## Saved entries
━━━━━━━━━━

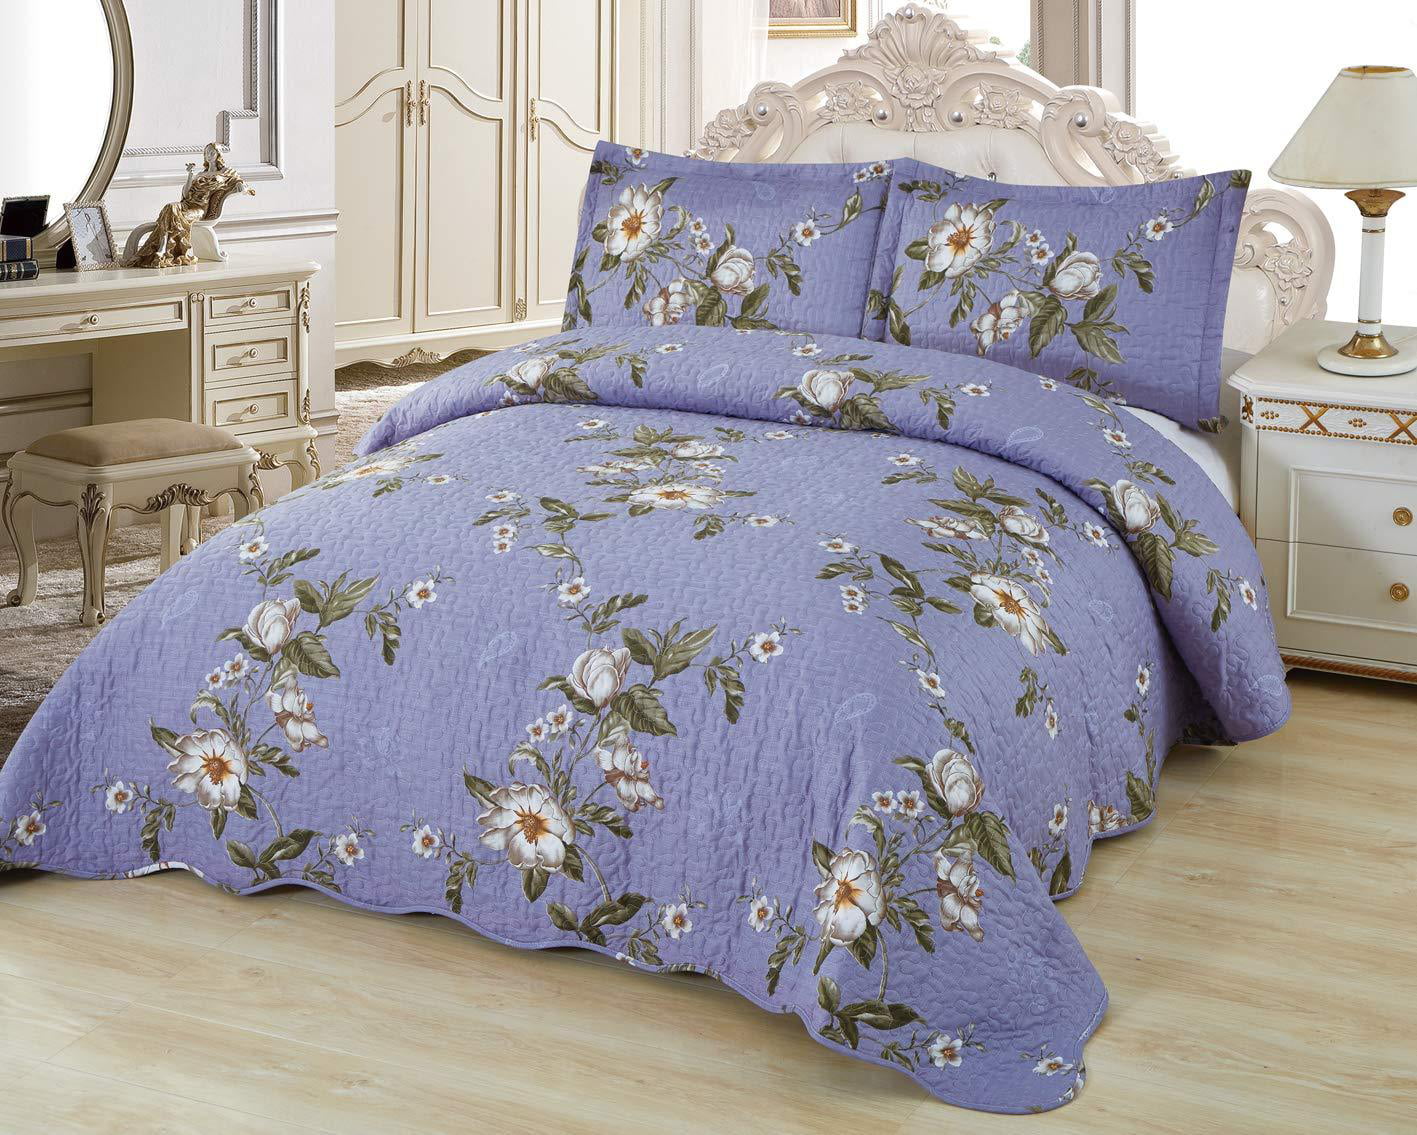 3 Piece King Size Quilt Bedspread Coverlet Bedding Set
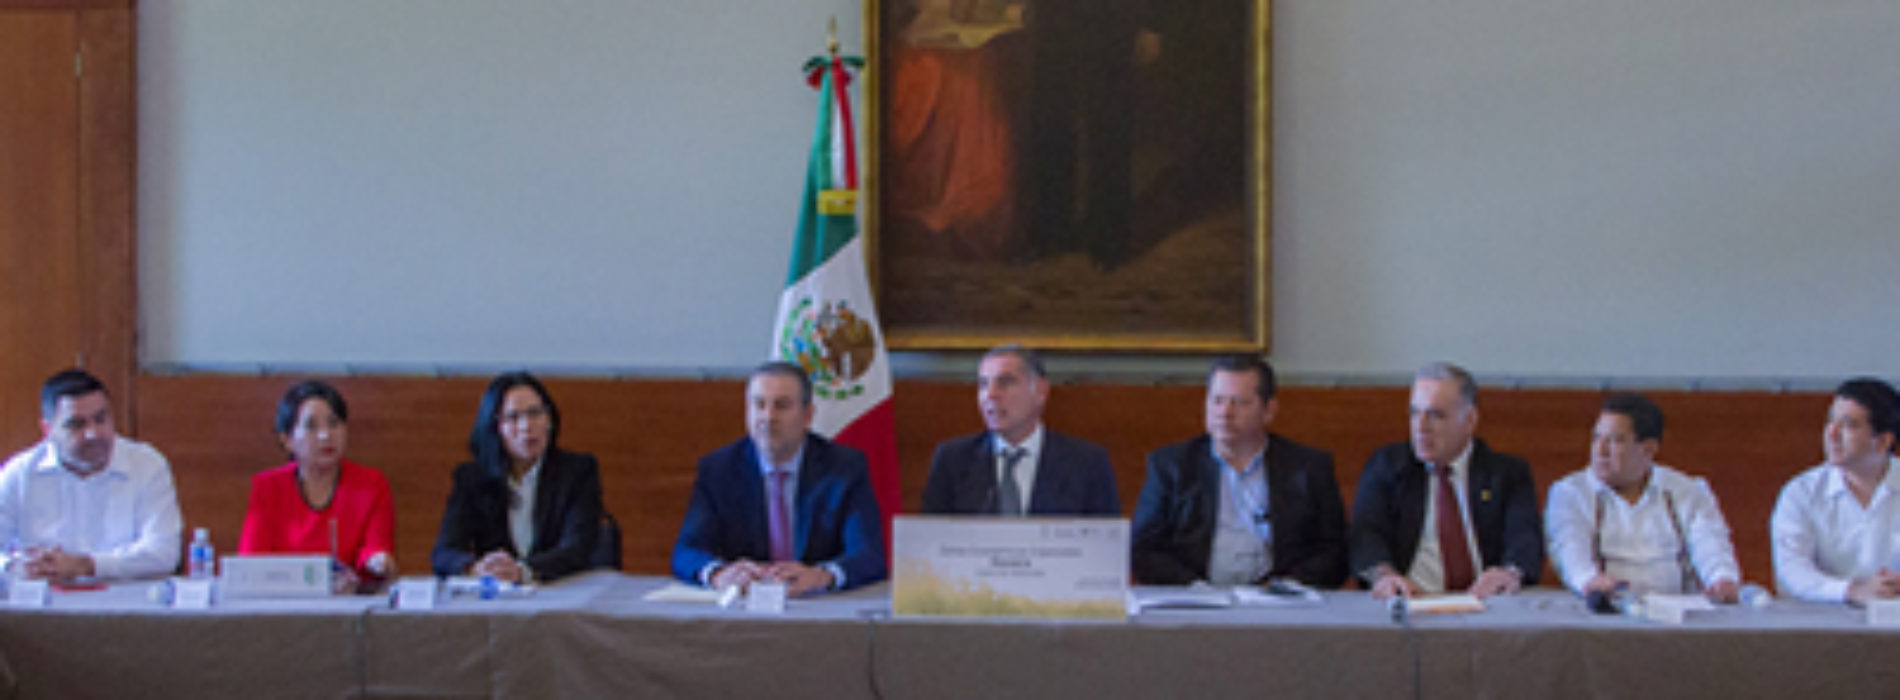 Istmo de Tehuantepec, polo estratégico para invertir en Zonas Económicas Especiales: Gabino Cué
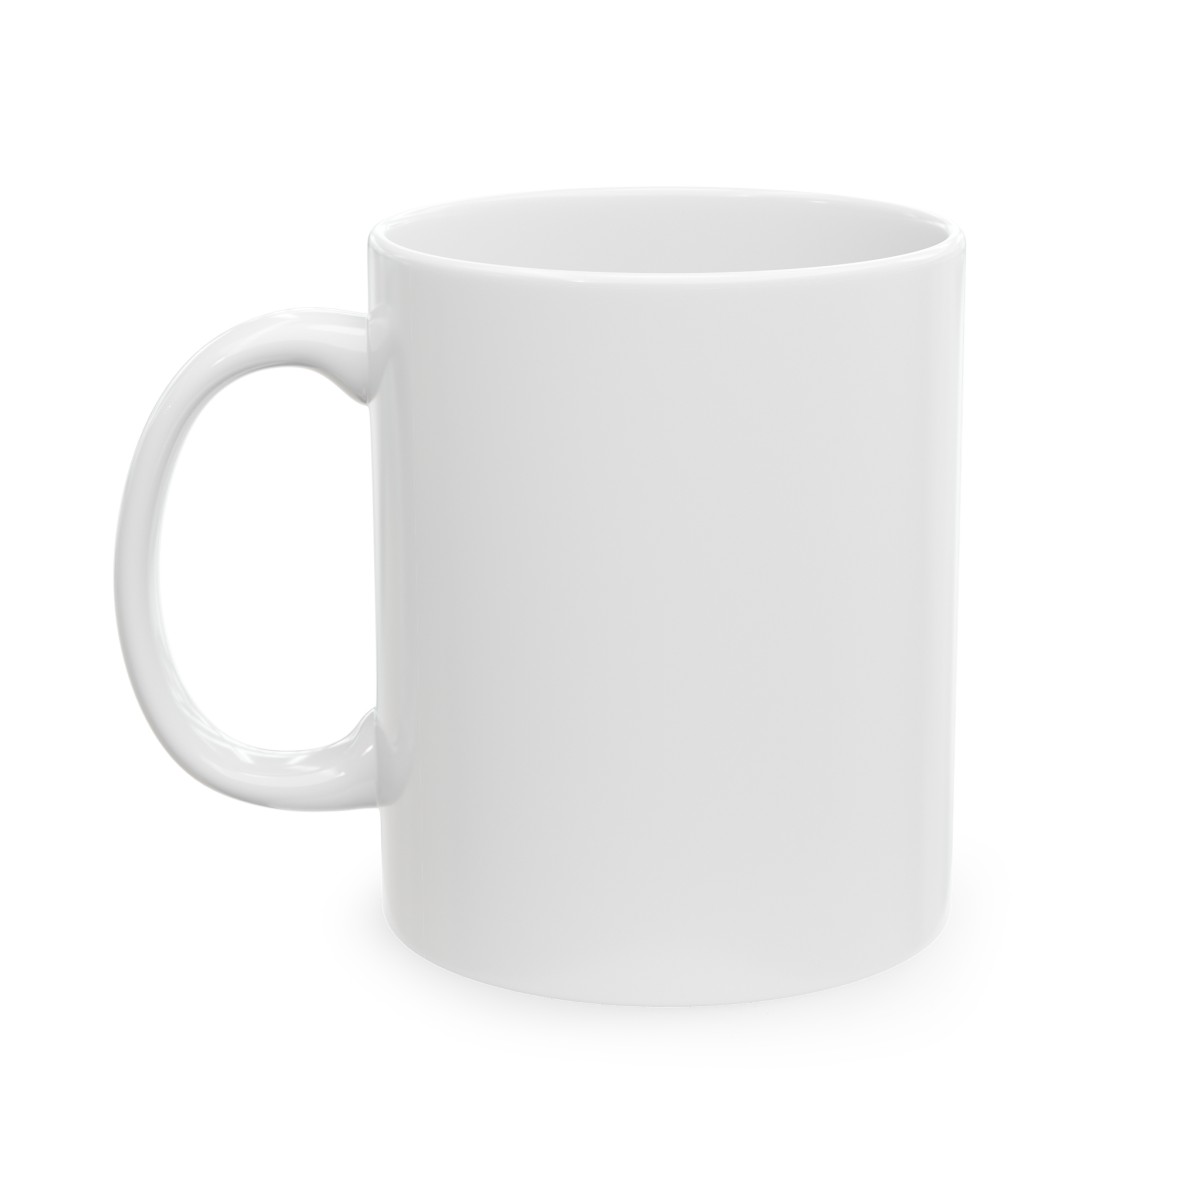 I'm Rooting for You White Ceramic Mug 11oz product thumbnail image
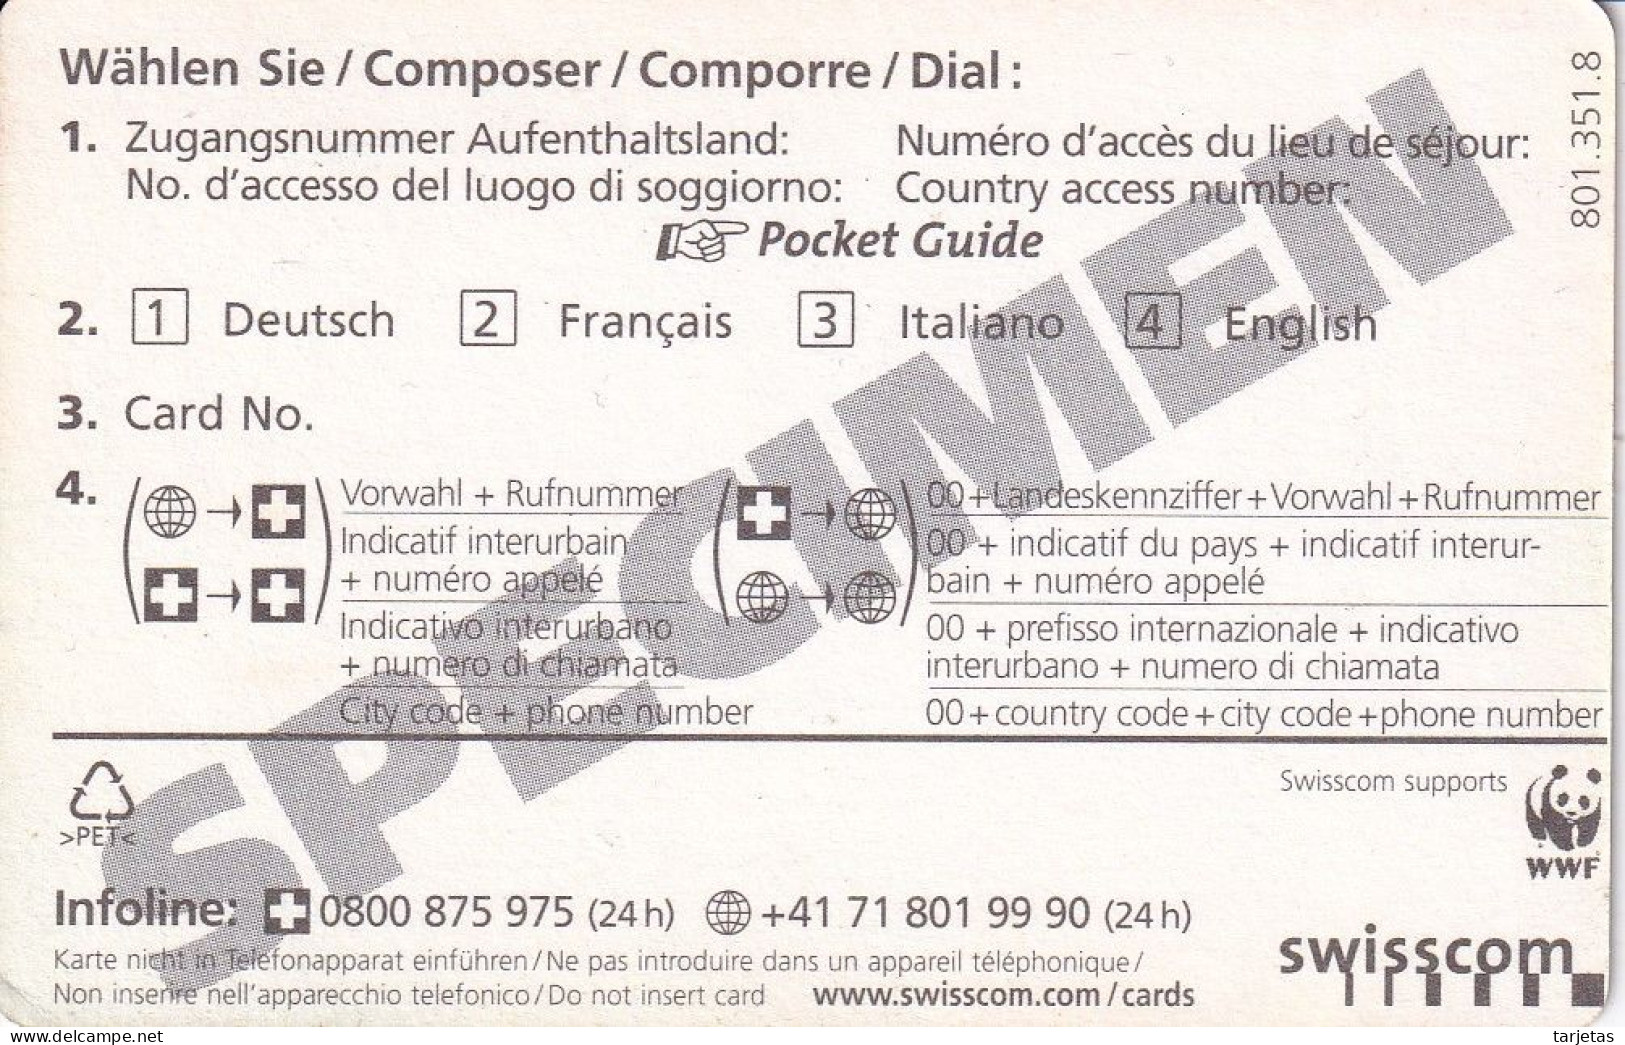 SPECIMEN - TARJETA DE SUIZA DE SWISSCOM DE UN CAMELLO (CAMEL) - Switzerland
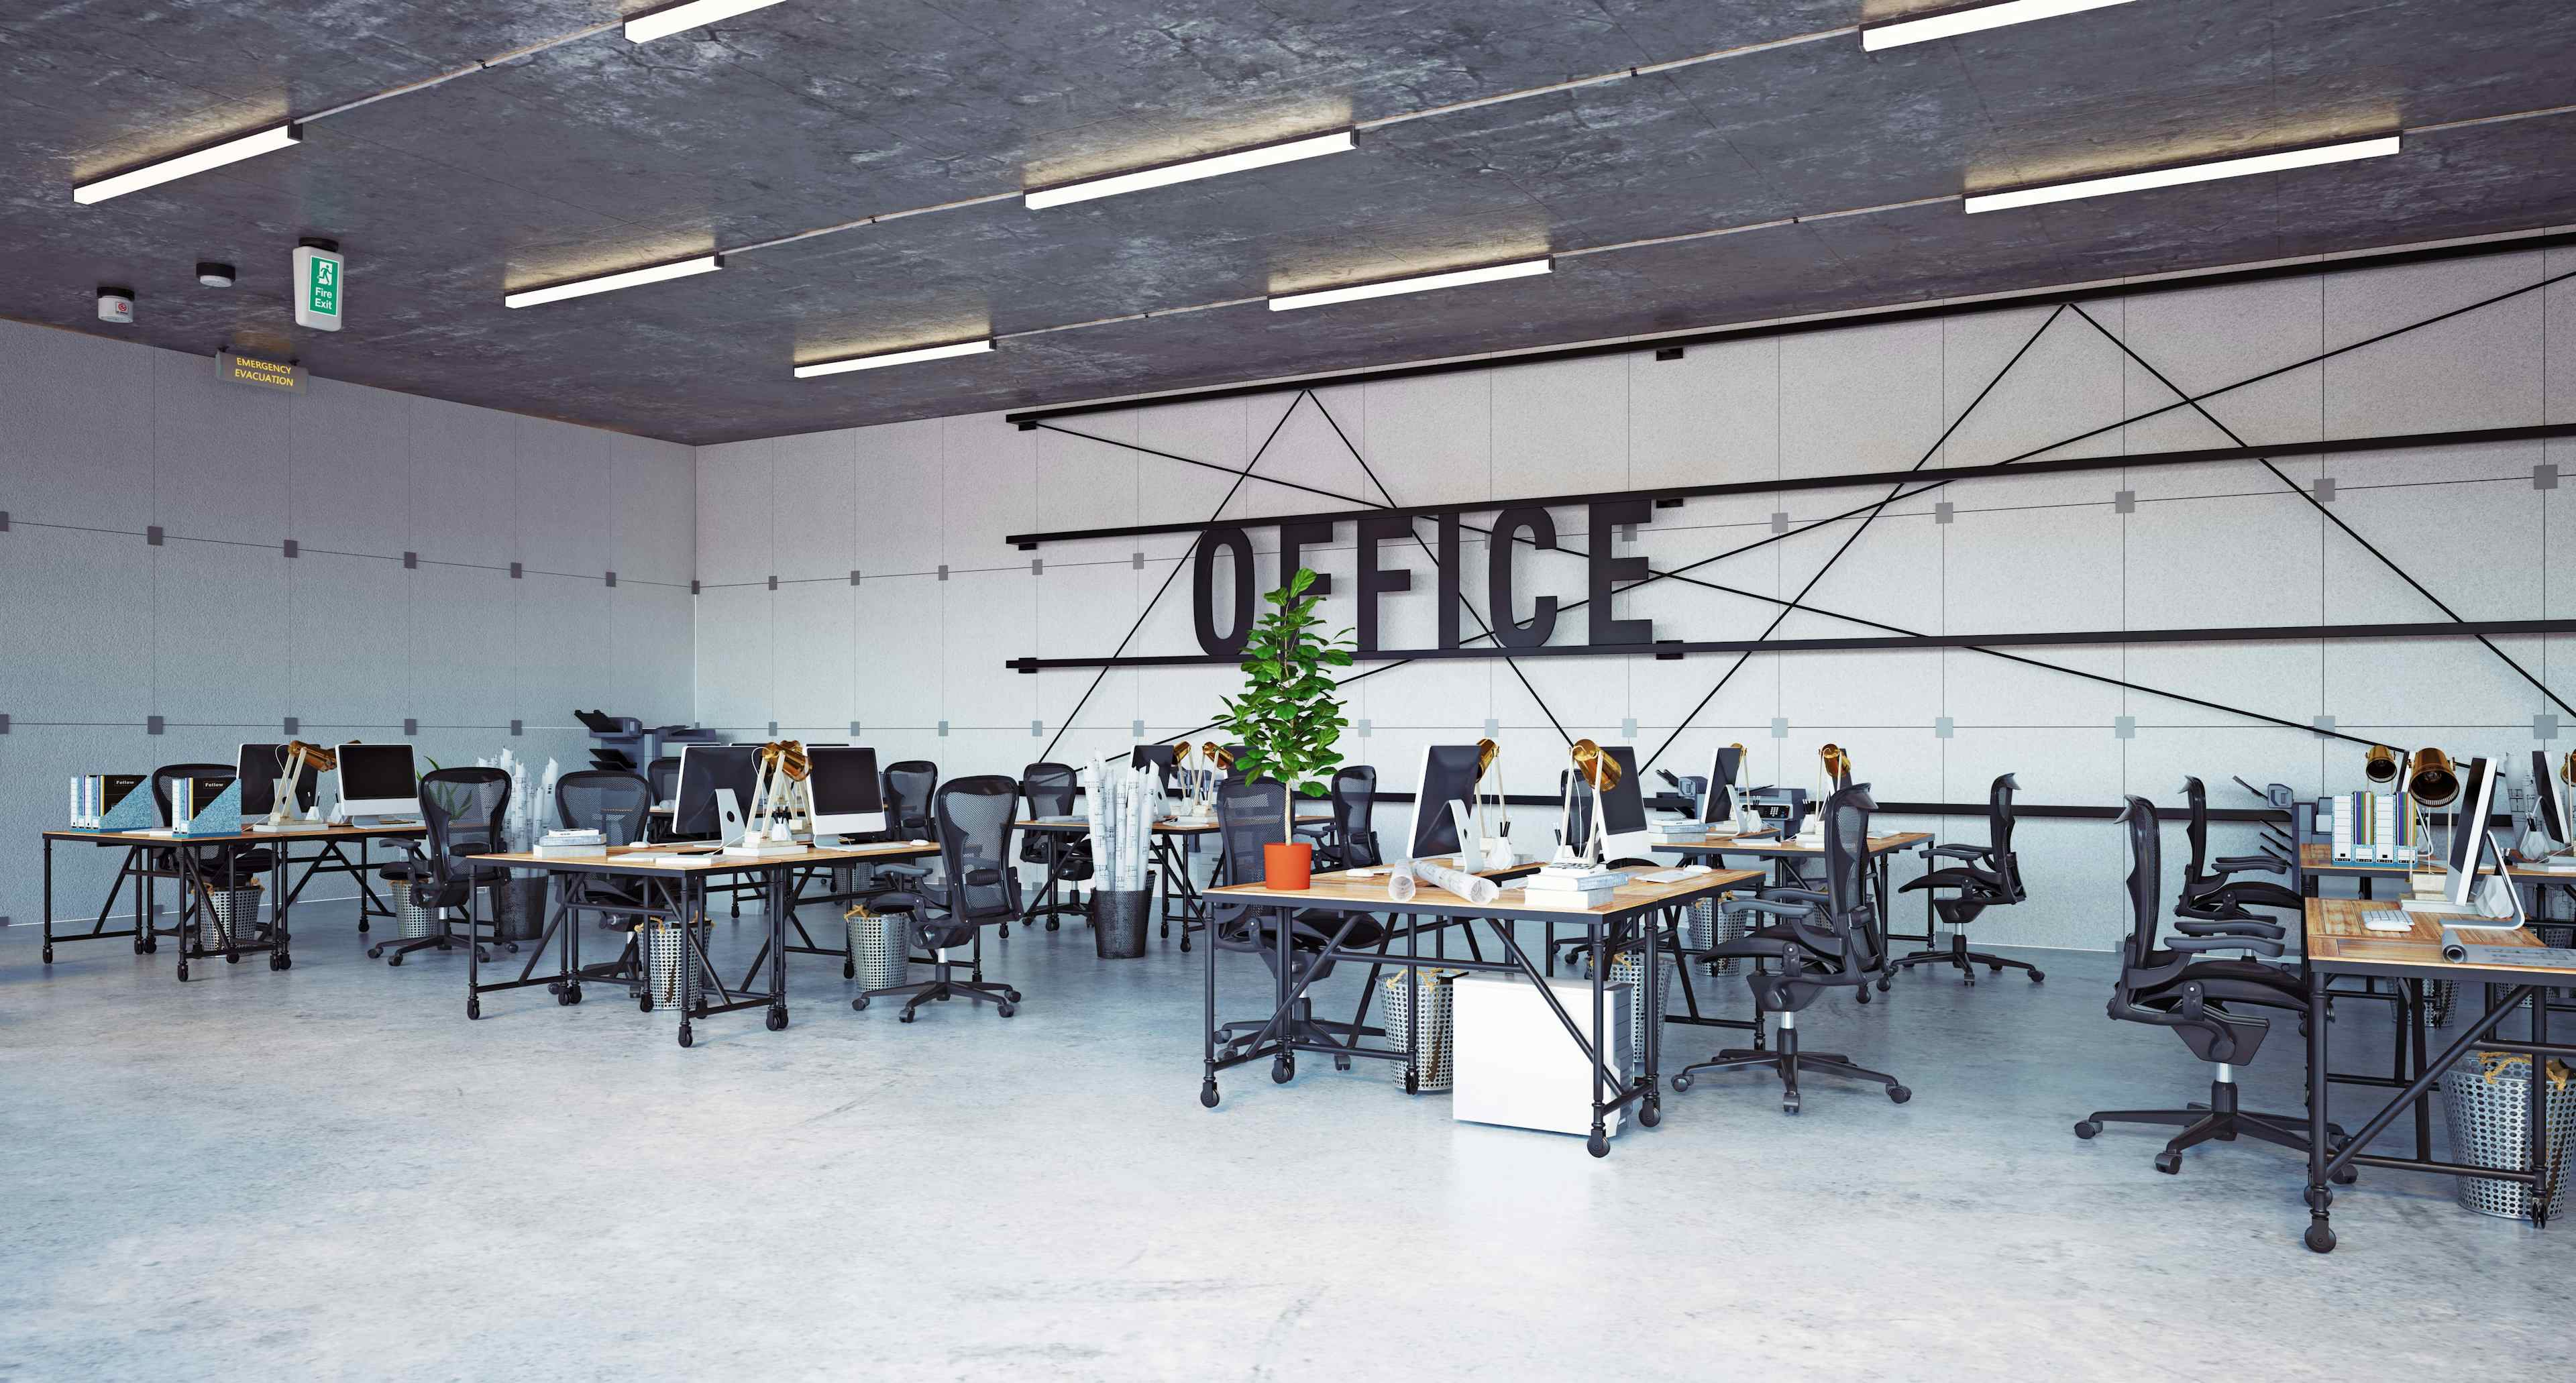 Modern Office Interior

━━━━━━━━━━

Your answer must be the lines from the one containing "I'm Rooting for" through the last line of the records, printed exactly with no pictures; please include both ends.

## Result of the exercise
 I'm Rooting for You White Ceramic Mug 11oz product thumbnail image
 SPECIMEN - TARJETA DE SUIZA DE SWISSCOM DE UN CAMELLO (CAMEL) - Switzerland
 Modern Office Interior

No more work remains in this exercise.